The Truth Behind The Invention Of The Soda Fountain

Before cans and efficient airtight bottles — heck, before home soda-making devices came about — people frequented their local drug store or soda fountain to get those sparkling, bubbly goods.

Soda was first envisioned in 1767 by a British chemist, Joseph Priestley. He identified several gases and did experiments with others, including carbon dioxide (then called fixed air), which is a component in bubbly beverages. He even imagined what a carbonation machine might look like. Priestley published what he discovered, and that later inspired other inventors.

He thought a carbonated drink would have some medicinal benefits for certain disorders and did his research with that in mind. "Although it ultimately proved ineffective in treating these disorders, the 'gasogene' that employed this technique later made possible the soda-water industry," wrote Britannica.

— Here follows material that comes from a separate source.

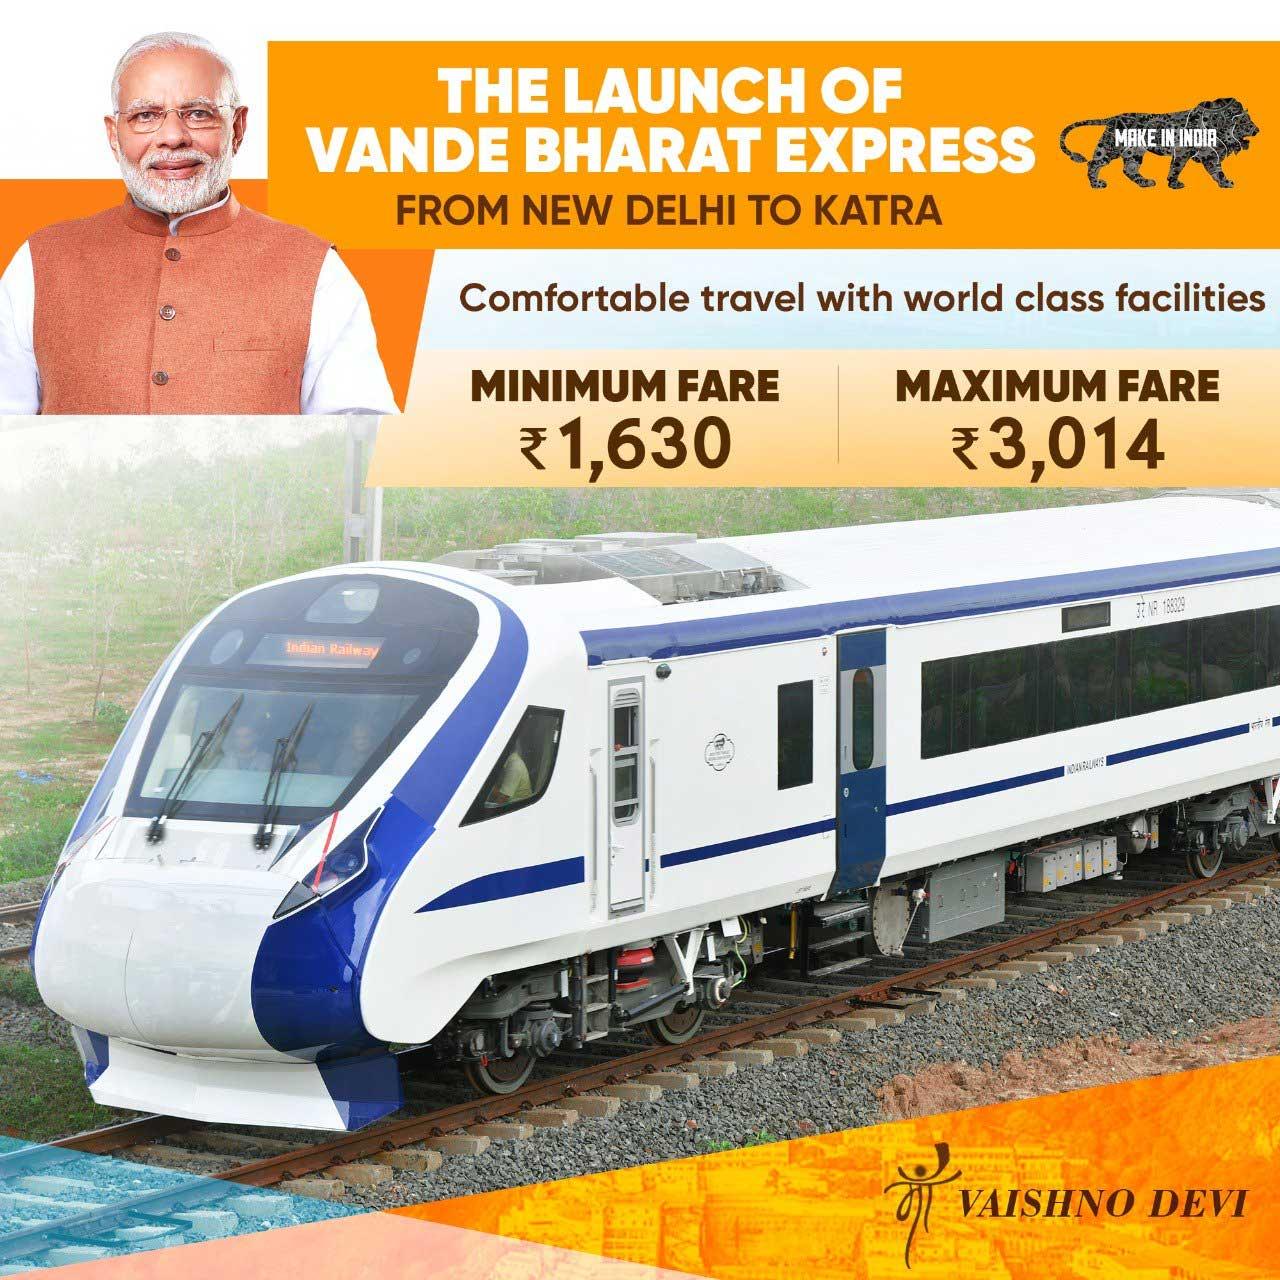 Vande Bharat Express realizes Gandhiji's vision of Swadeshi and fillips Narendra Modi's Make in India
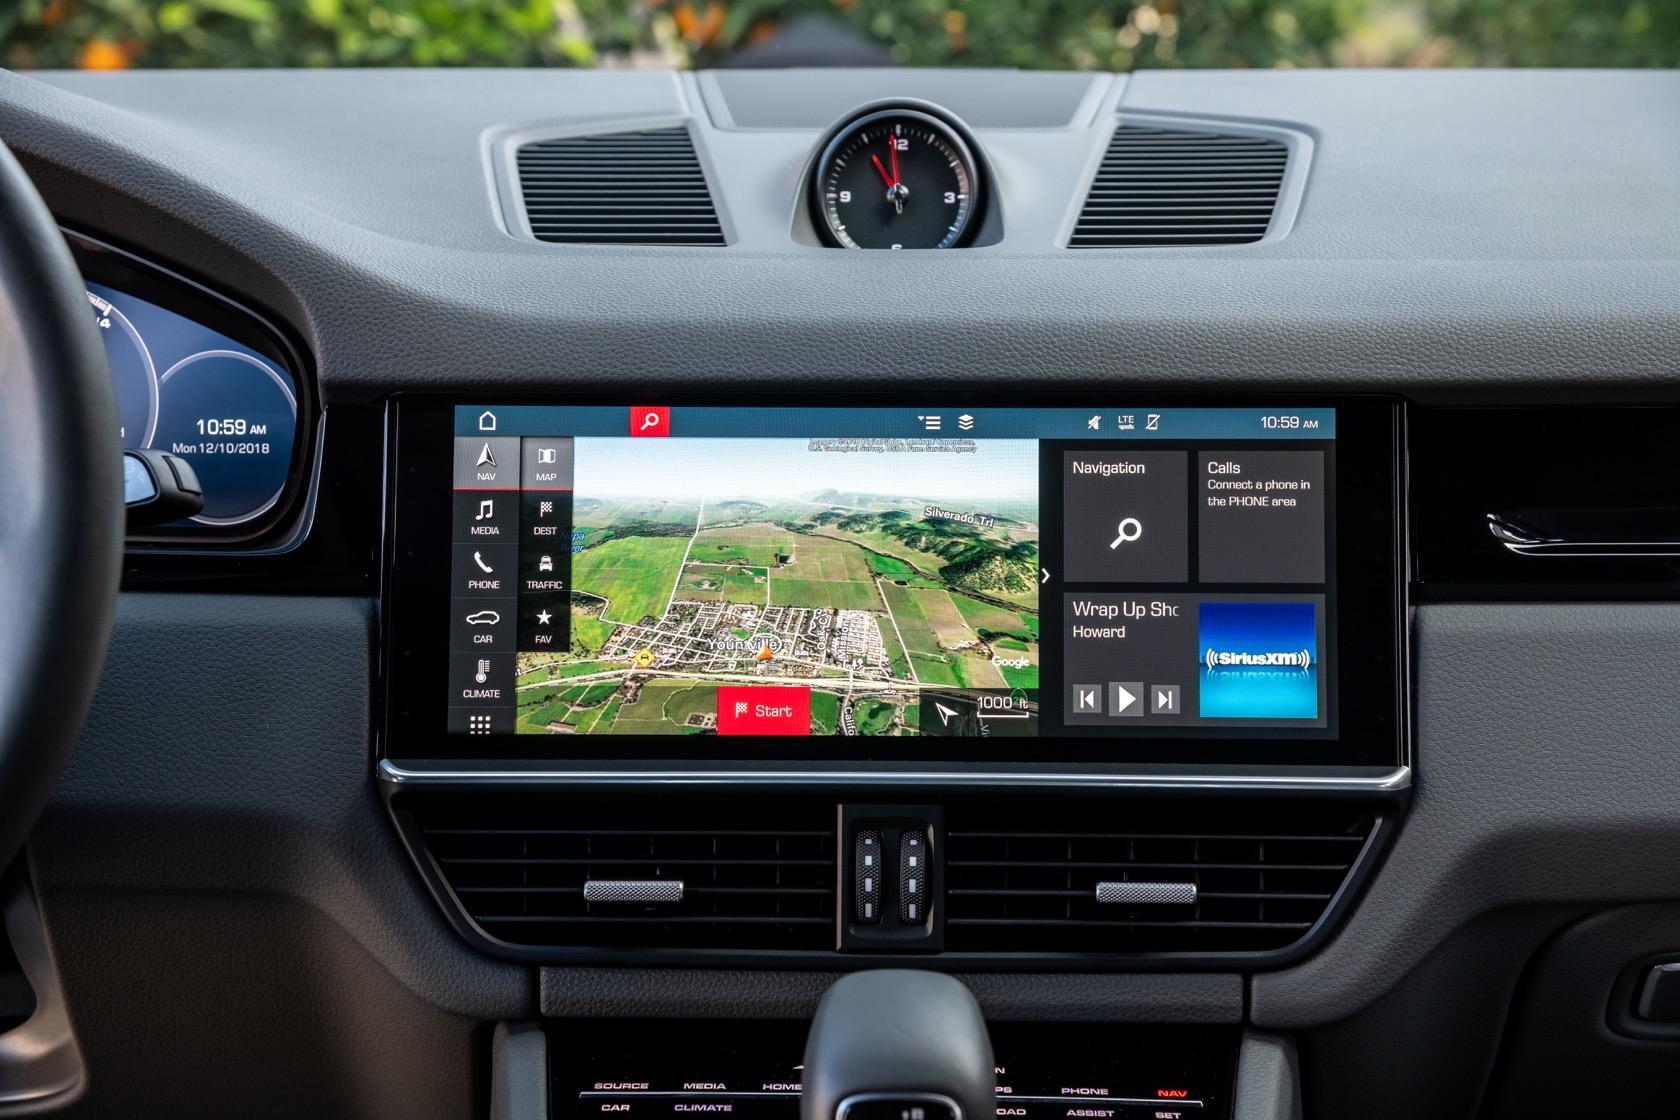 2019 Porsche Cayenne First Drive Review: My perfect spec

Several others would expand Priestley's work. Thomas Henry is credited as the first one to sell soda water for health purposes at his apothecary in Manchester, England, during the 1770s, according to Soft Drinks: Their Origins and History

Serving such bubbly drinks at the time proved challenging since bottles often leaked gas. "Henry recommended that all the bottles be very closely corked and sealed," according to the pamphlet. The apothecary's success inspired others to produce and sell medicinal waters, too.

The first soda fountains

Swiss scientist Johann Jacob Schweppe reworked Priestley's method and used a hand-cranked compression pump to create his carbonated water. Although, the company still exists worldwide, it also had bottling challenges in the beginning with their stoneware container quickly losing the drink's effervescence. Charles Plinth helped with this a bit when he invented the soda syphon in 1813. This helped the drink retain bubbles, but it wasn't ideal since "the syphons still had to be refilled at a facility that actually produced the carbonated liquid," according to Collectors Weekly

Benjamin Silliman, a Yale chemistry professor, also struggled to find the right product to store his soda waters. He had followed Priestley's work and believed that these carbonated waters could be mass produced and sold for medicinal purposes. He got a Nooth apparatus for experimentation and began studying the best way to put carbon dioxide into water. He came up with two products – Soda Water (a version to help stomach problems like indigestion) and Ballston Water (a more refined brand, which was named for Ballston Spa's mineral waters in Saratoga, NY).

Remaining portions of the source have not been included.